Extended reality training is already spreading
A recent study from GlobalData found that major energy firms like Shell and ExxonMobil are already using VR in training for both onshore and offshore environments, reaping cost and safety advantages for new facilities. Immersive training programs allow workers to develop their knowledge and skills while remaining in a safe environment, for instance, by using virtual walk-throughs of a site’s various workflows.
Shell makes extensive use of VR for training and simulation-based learning, including in emergency response programs that allow for quasi-hands-on experiences of hazardous conditions that would be difficult or dangerous to reproduce in real life, including offshore platforms. As Steven Wrobleski, Shell’s Regional HSSE Manager for the Americas, put it: “We are not going to put people in harm's way in order to train, but in the virtual world, you can do that, right? And that's really part of the power.”

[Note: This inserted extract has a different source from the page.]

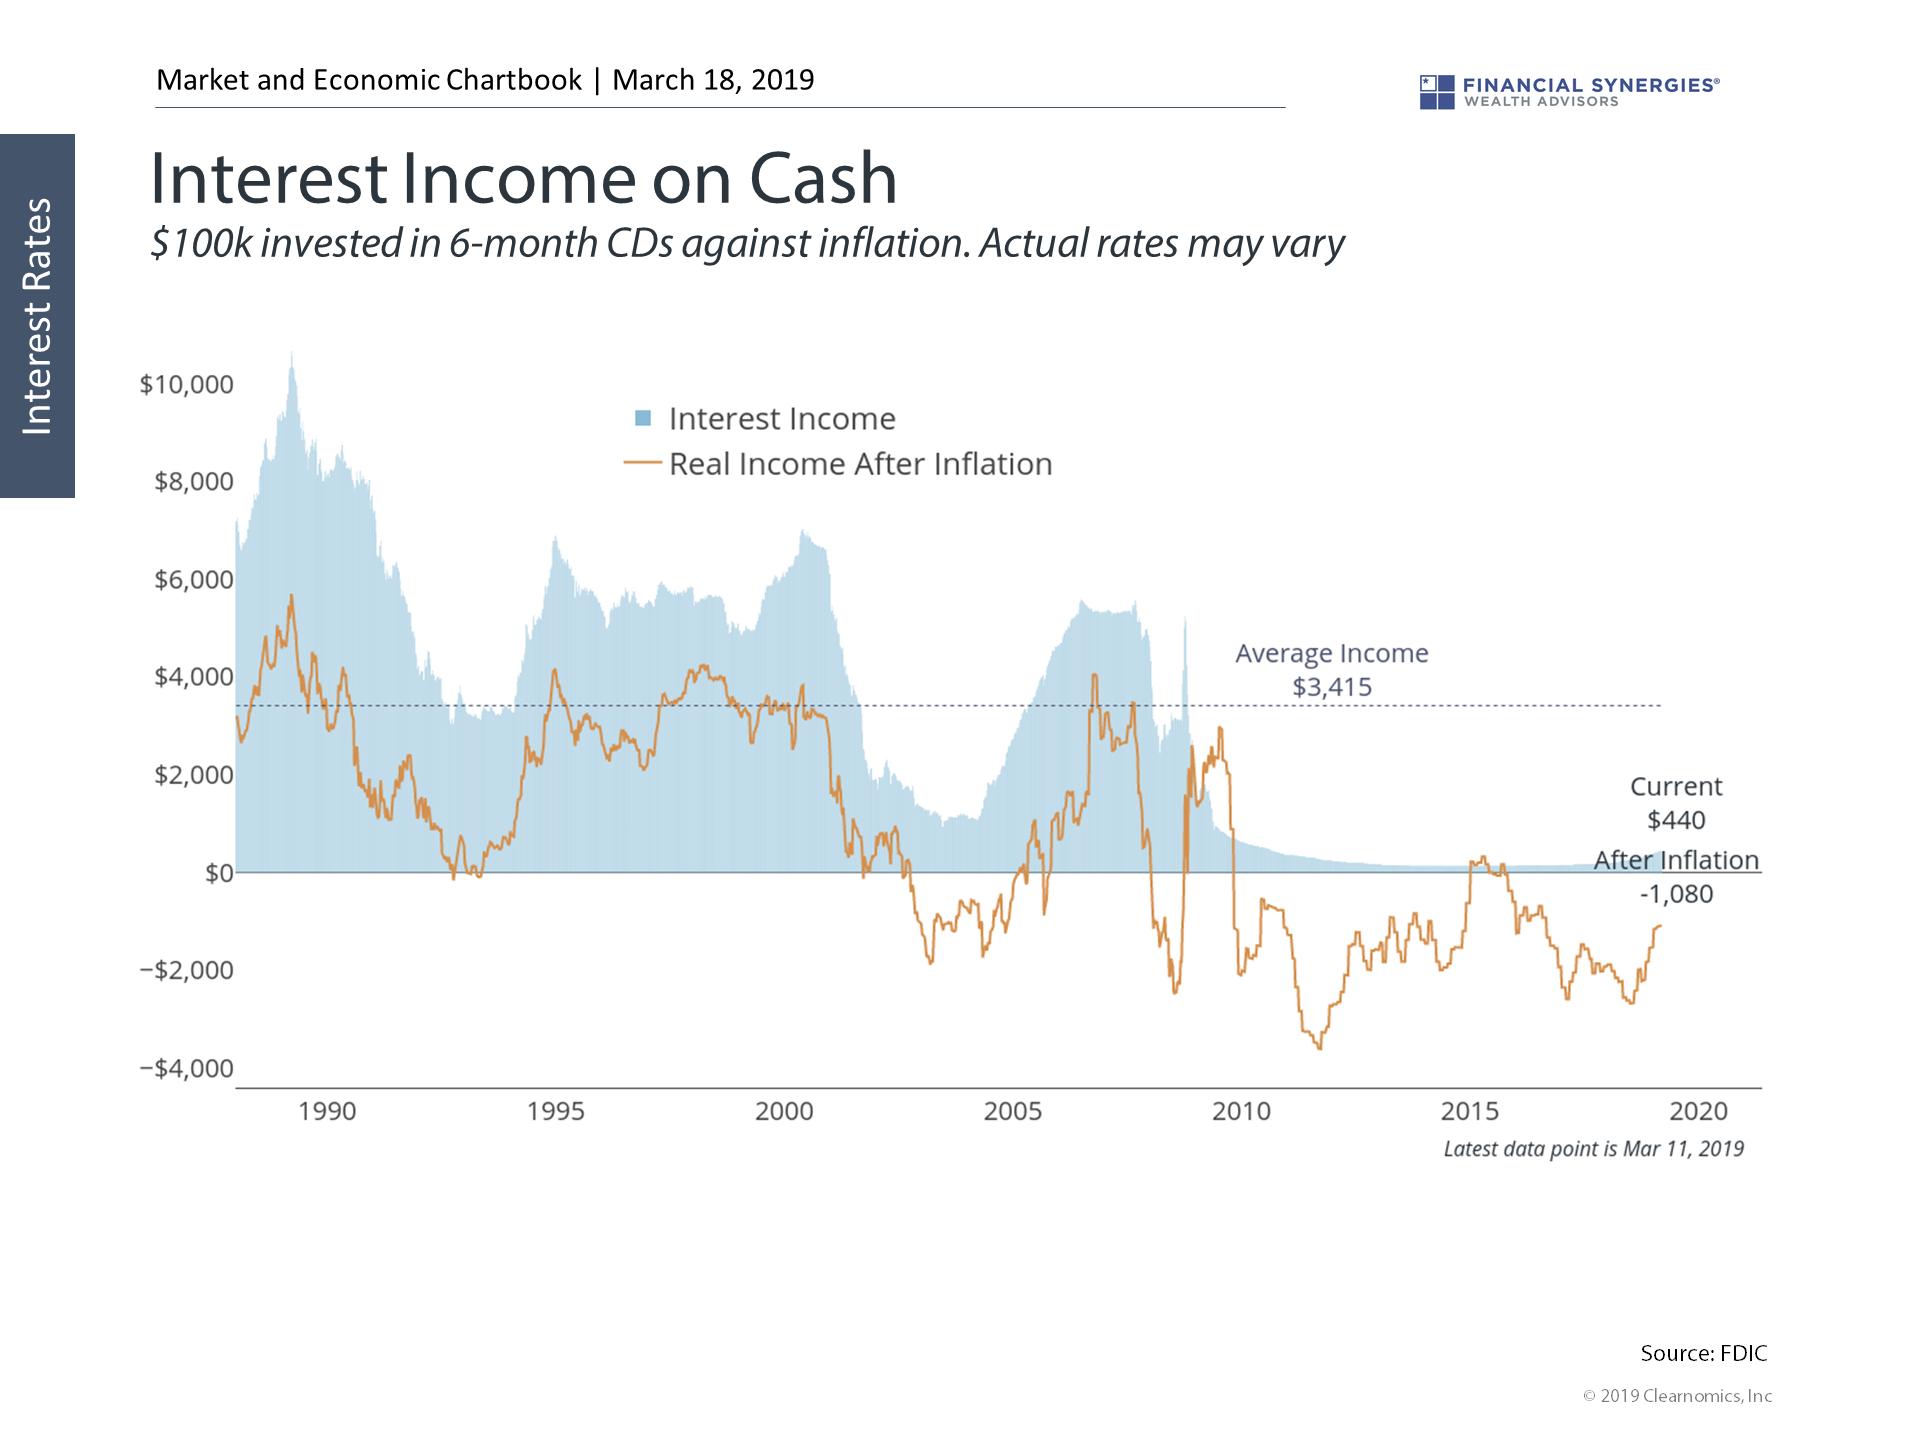 Interest Income on Cash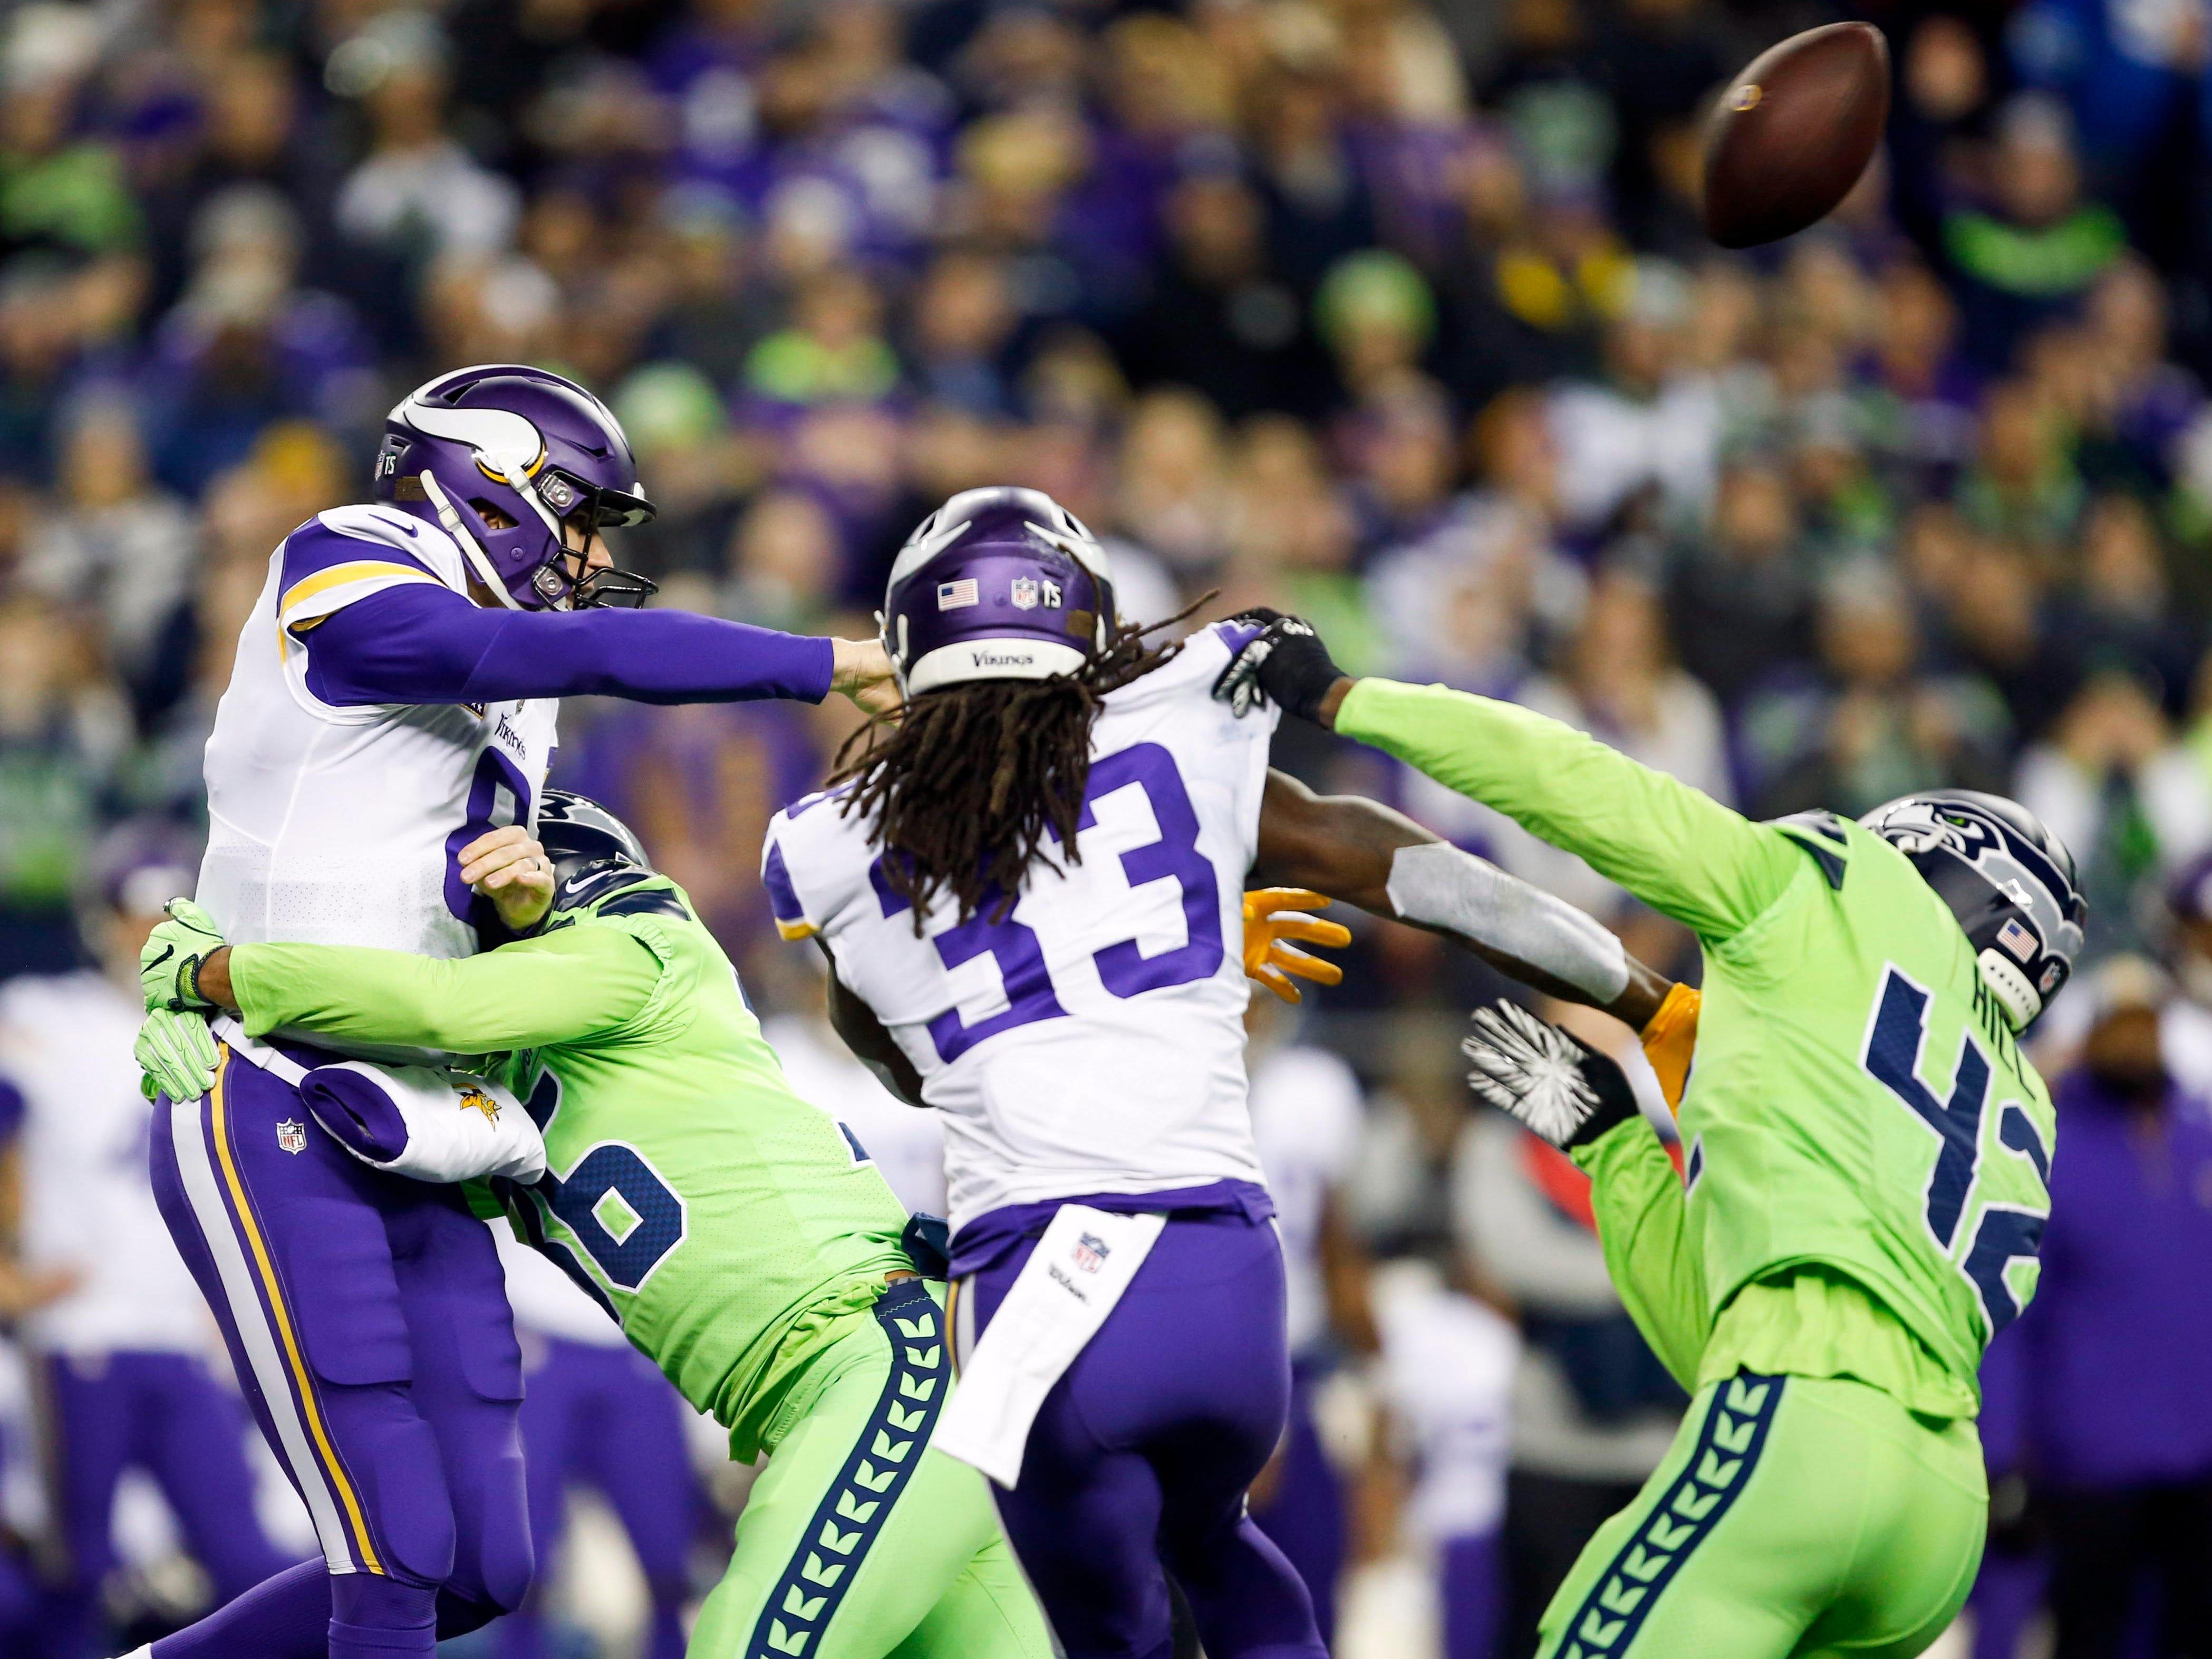 Minnesota Vikings quarterback Kirk Cousins passes under pressure from Seattle Seahawks cornerback Akeem King (36) during the first quarter at CenturyLink Field.

Shell’s VR emergency response program aims to guarantee the scientific accuracy of its training simulations by using outputs from the company’s gas and fire dispersion modeling tool. Frontline staff are trained on the digital twin of the asset they work on.
DNV, meanwhile, has developed a VR tool enabling remote training for its major accident hazard (MAH) program. Users are given hand controllers and a VR headset, including headphones and cameras, then invited to walk through a simulated environment that presents a range of relevant scenarios, combining typical operational tasks with simulated accidents and failures. This immersive approach allows users to experience full-scale fire and explosion tests, viewing the sorts of challenges they might experience onsite without having to travel to an offshore environment—or even to DNV’s Spadeadam Research and Development Facility, where such demonstrations are otherwise made.
“The VR doesn’t quite look like offshore, but it definitely doesn’t look like a CAD model with shiny red bits and bits of green structure or whatever else that you’ve got. It looks more like an offshore environment, really making you think you are offshore,” said John Morgan, senior principal for energy systems at DNV.
Morgan also suggested that the dynamism of the immersive virtual experience—which demands that users react on the same timescale as real life—can lead trainees to better recall what they have learned. The intensity is the point. “You’ll go through a whole career and never see anything remotely like a major hazard,” Morgan said, and so “complacency can set in.”
How AR could support on-site oil and gas training
So far, it is primarily VR driving the widespread adoption of extended reality in oil and gas training programs. Further opportunities may be realized, however, in the development of AR technologies—which overlay digital information onto real-world environments as opposed to creating digital simulations as with VR.
Among other things, AR can create “in-situ” training for technicians who are able to access operating procedures and service instructions through their AR device. Integration of AR training with digital twins may prove advantageous. Obstacles still remain, such as the provision of required network bandwidth in remote locations. Yet a world where offshore workers can receive training and instructions from remote experts via AR-enabled wearables may be edging ever closer to our very own reality.